* **Dataset section**:
************
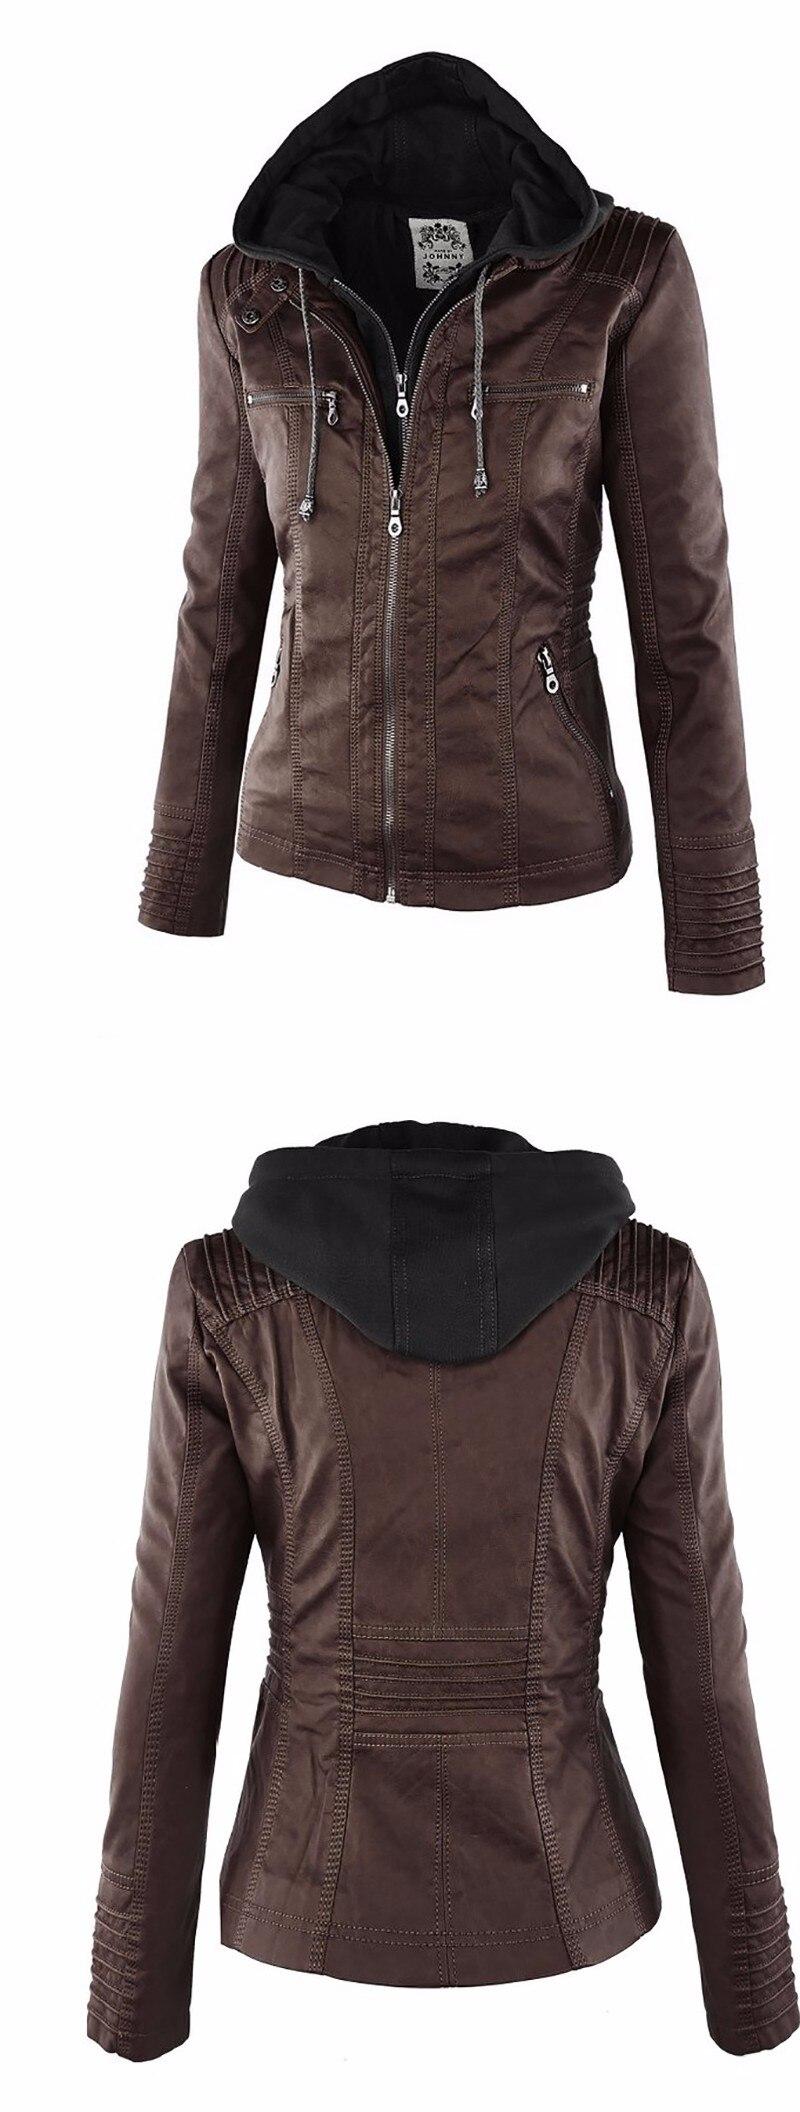 2018 Winter Faux Leather Jacket Women Casual Basic Coats Plus Size 7XL Ladies Basic Jackets Waterproof Windproof Coats Female 50
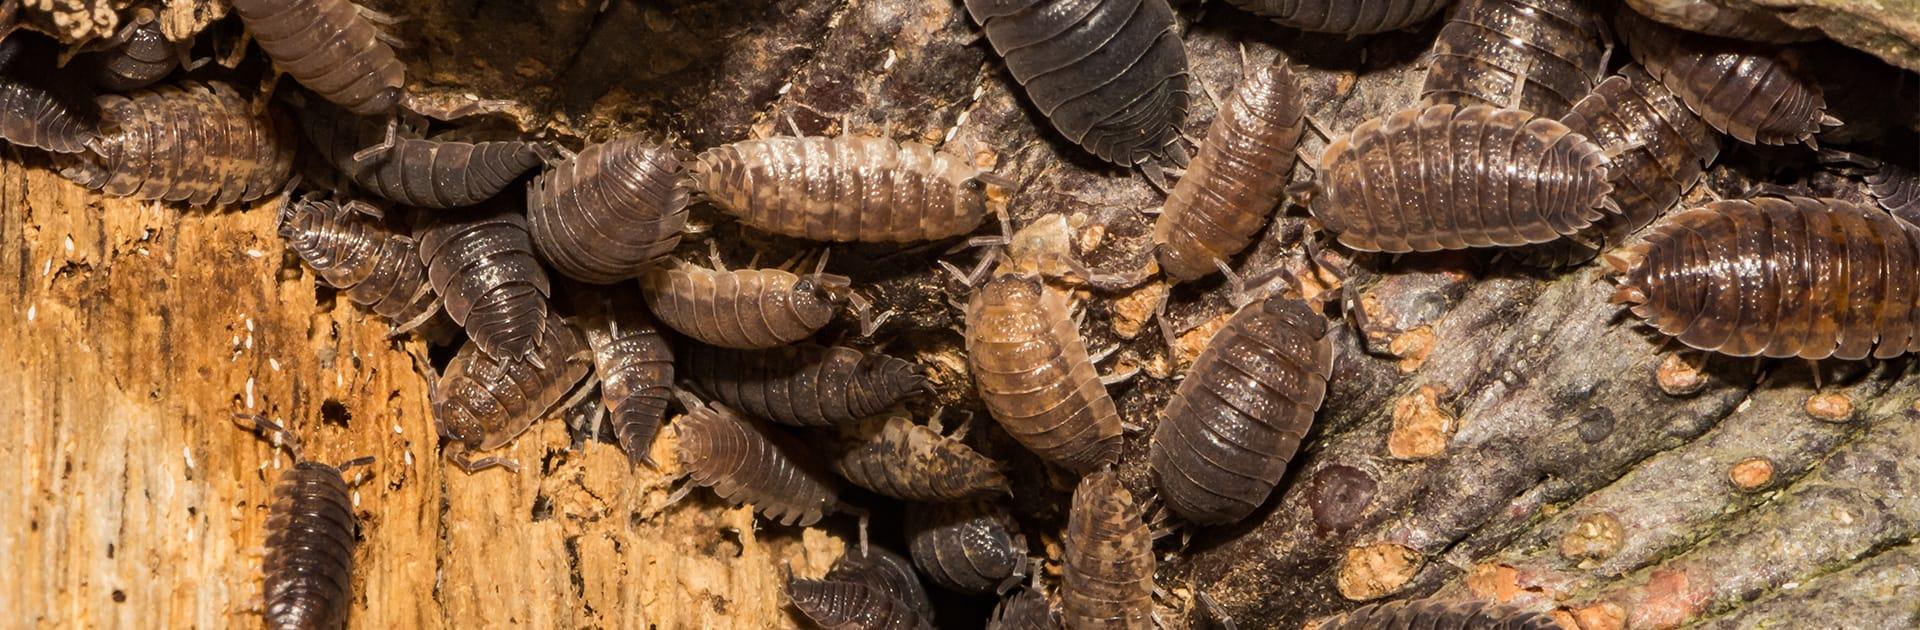 pillbugs crawling on a water damaged log
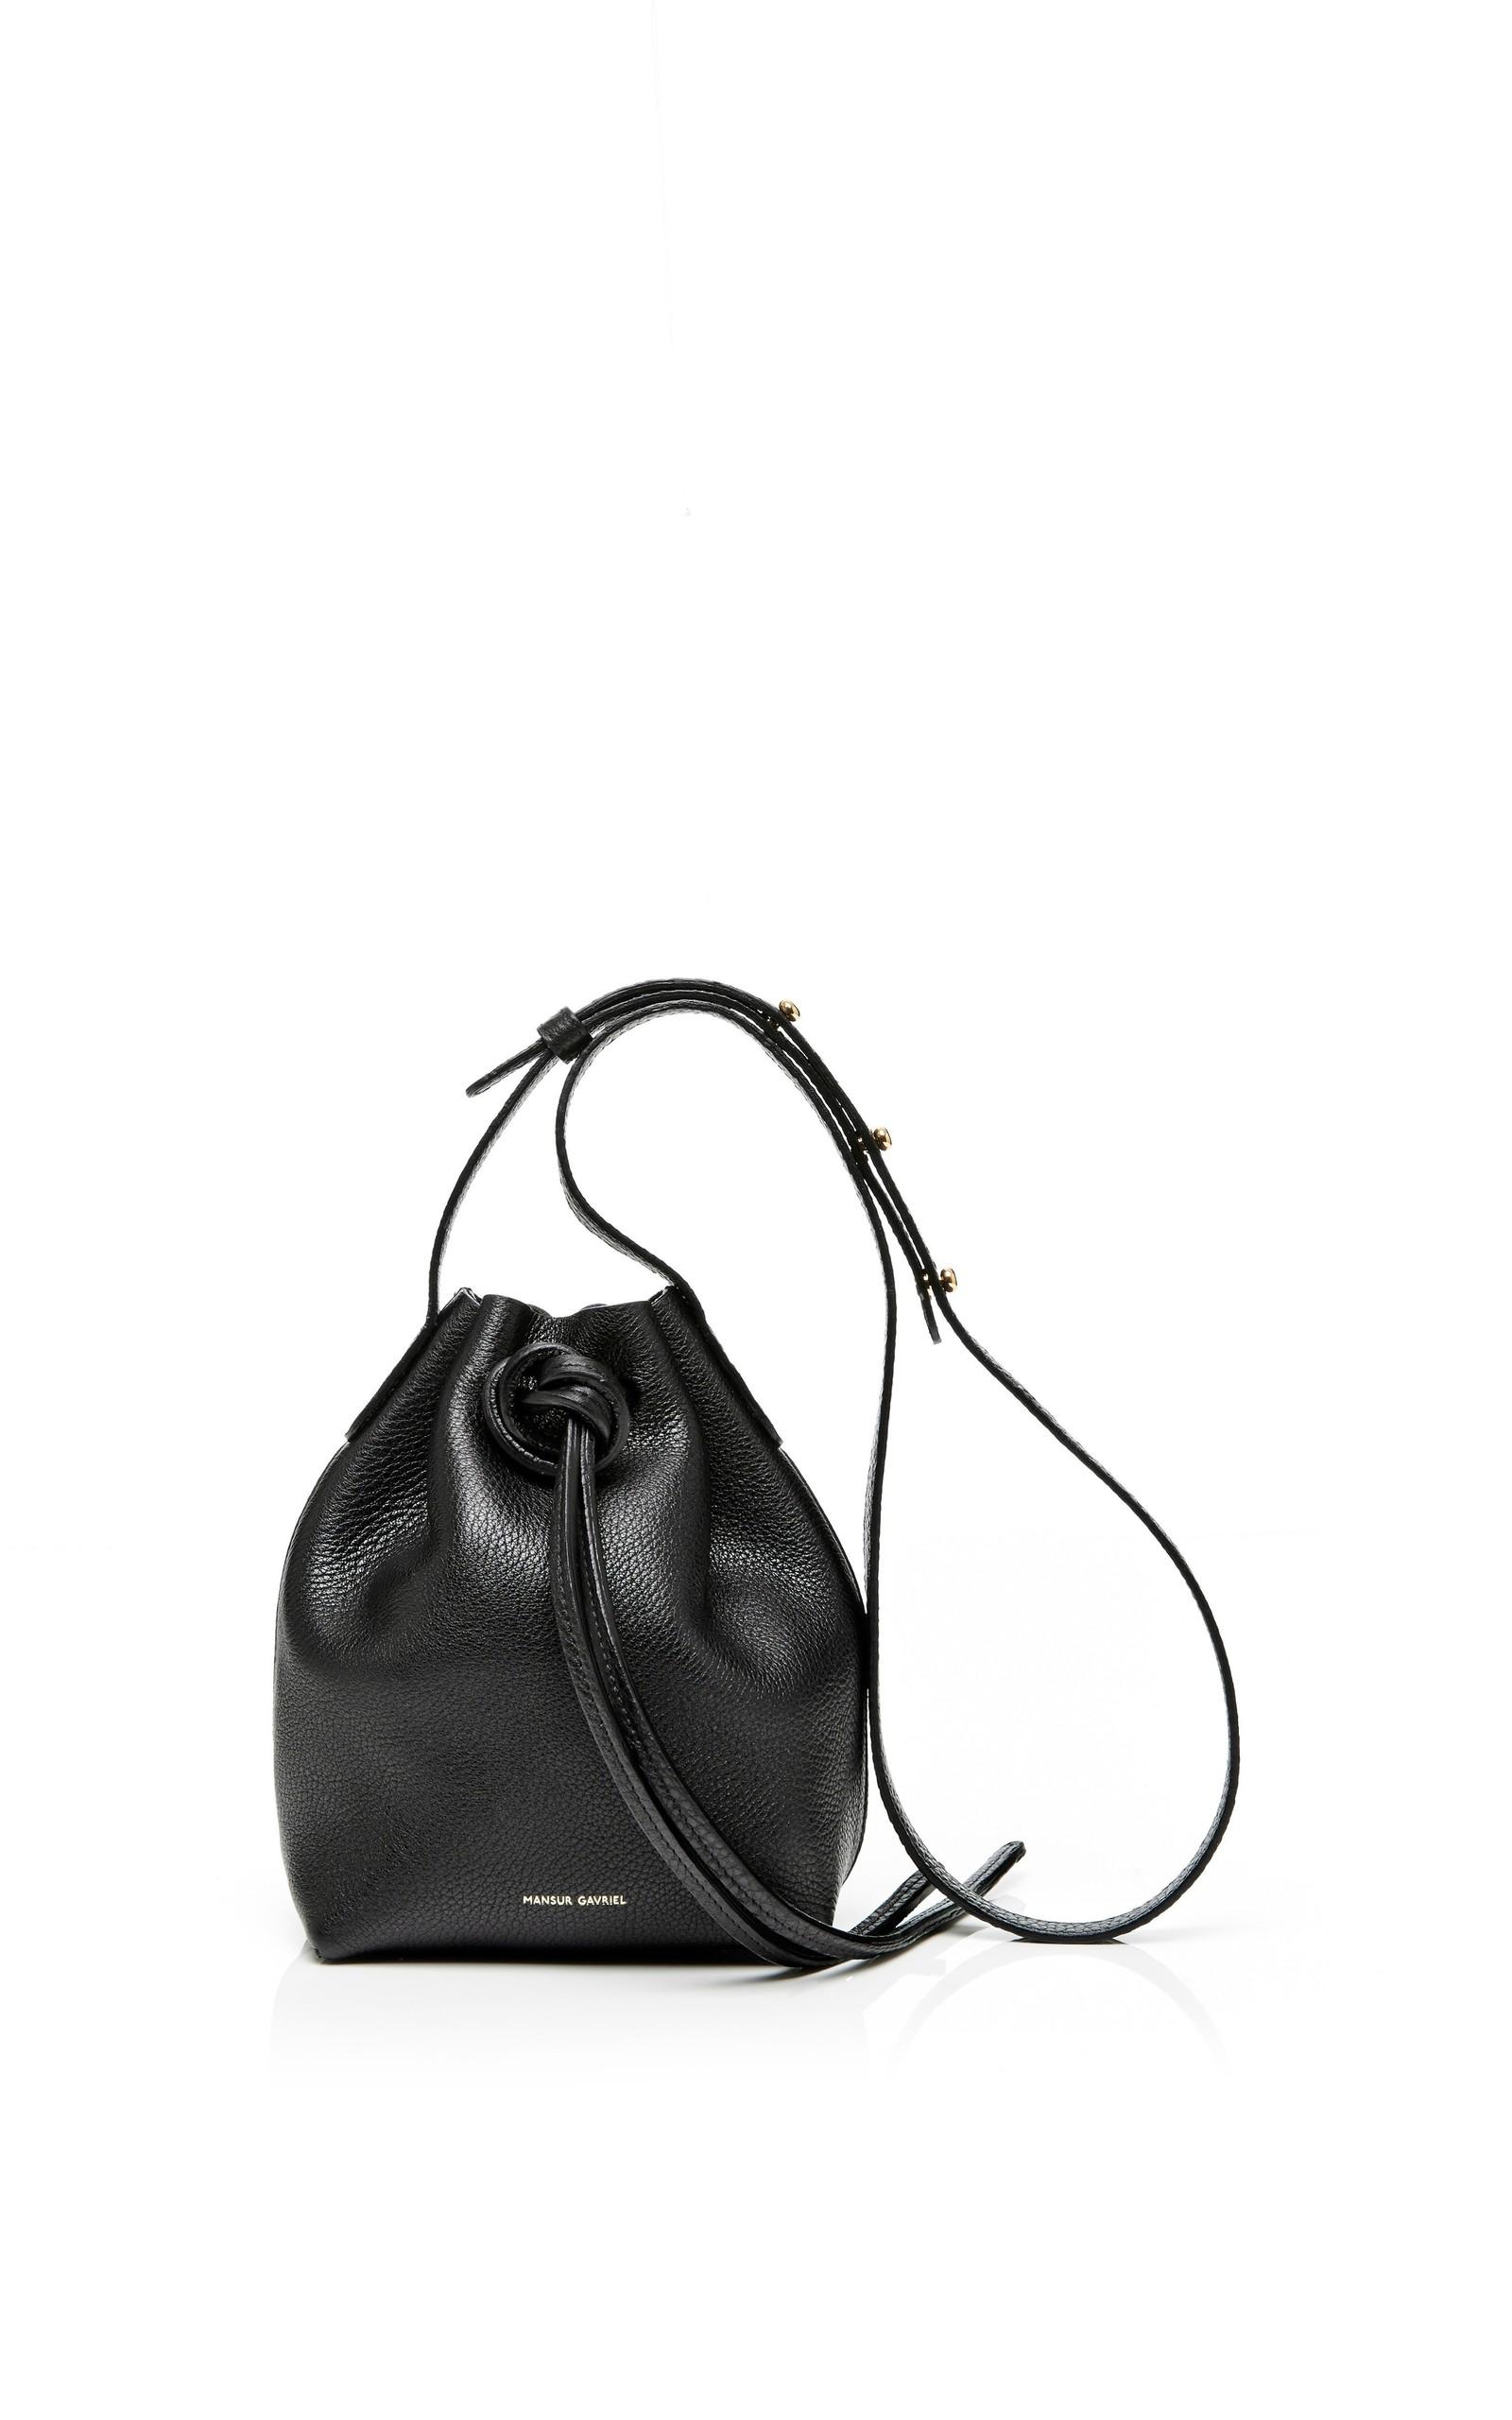 fb84d7b50dc0 Tumble Leather Mini Mini Bag In Black by Mansur Gavriel
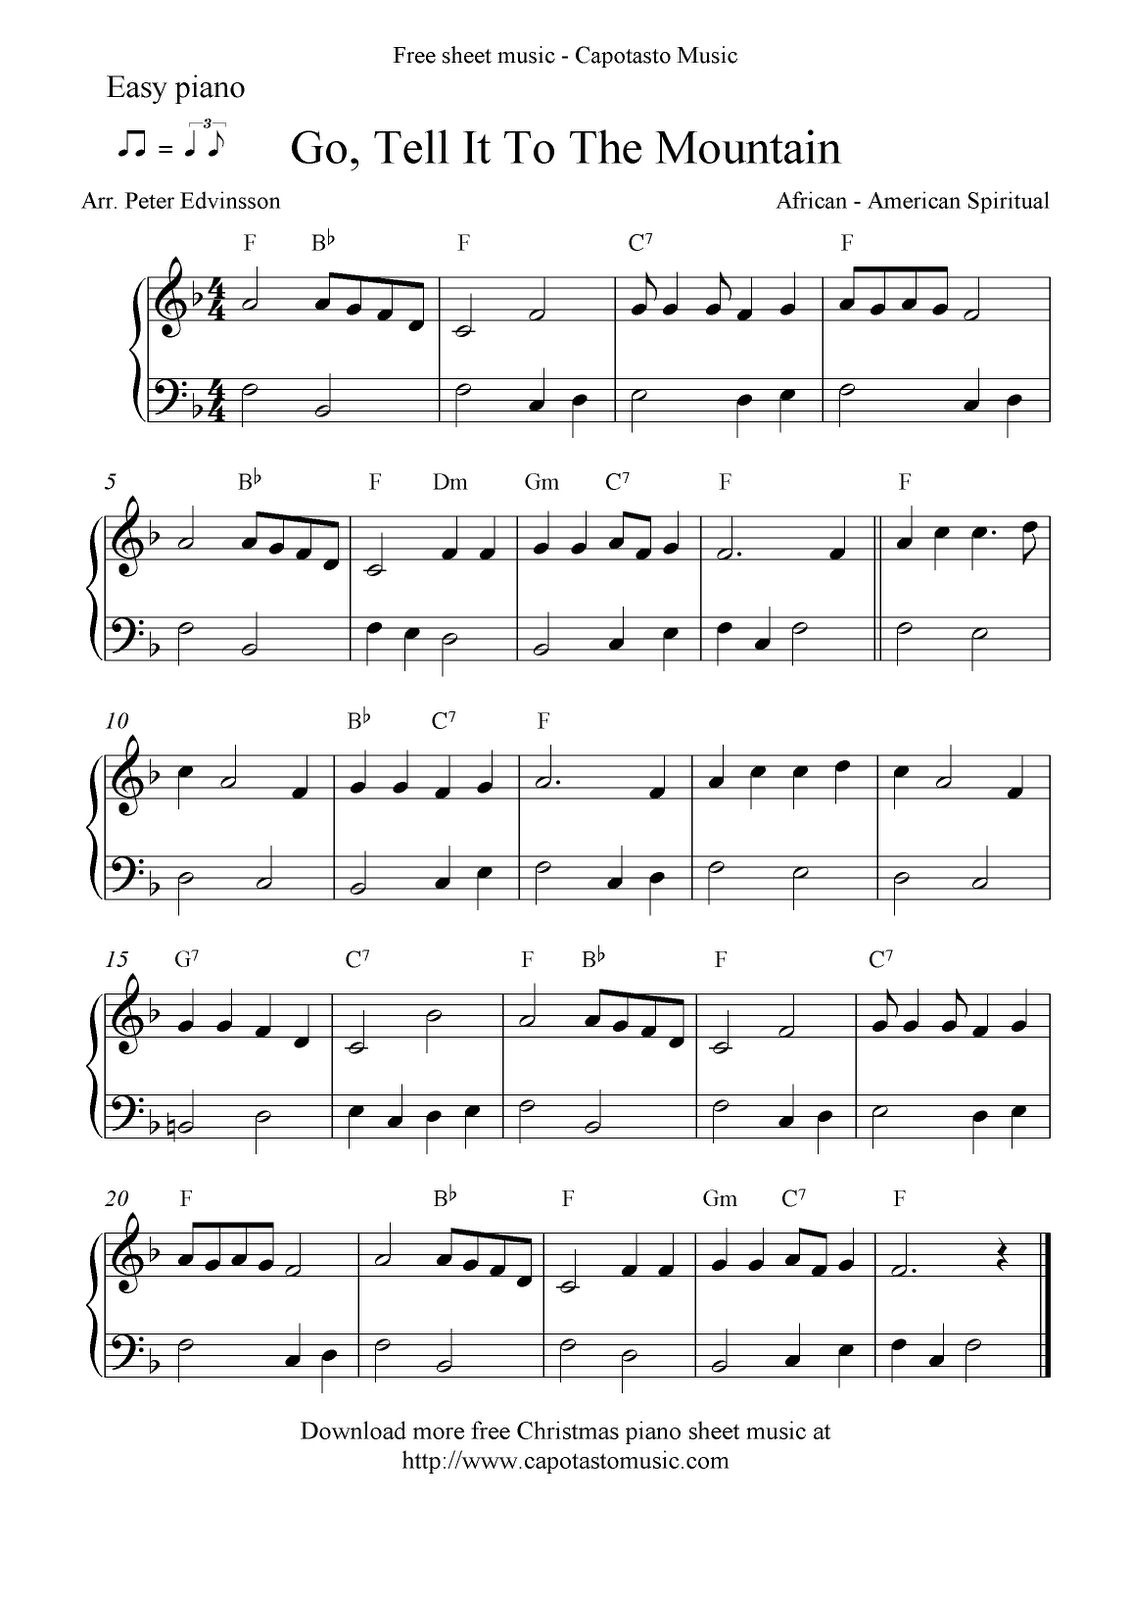 Free Printable Piano Sheet Music   Free Sheet Music Scores: Easy - Free Printable Christmas Sheet Music For Piano
************
* **What to work on**: The output consists of exactly the lines from the one containing "fb84d7b50dc0 Tumble Leather" through the last line of the listing, both included, with no pictures.

* **Task solution**:
 fb84d7b50dc0 Tumble Leather Mini Mini Bag In Black by Mansur Gavriel
 Free Printable Piano Sheet Music   Free Sheet Music Scores: Easy - Free Printable Christmas Sheet Music For Piano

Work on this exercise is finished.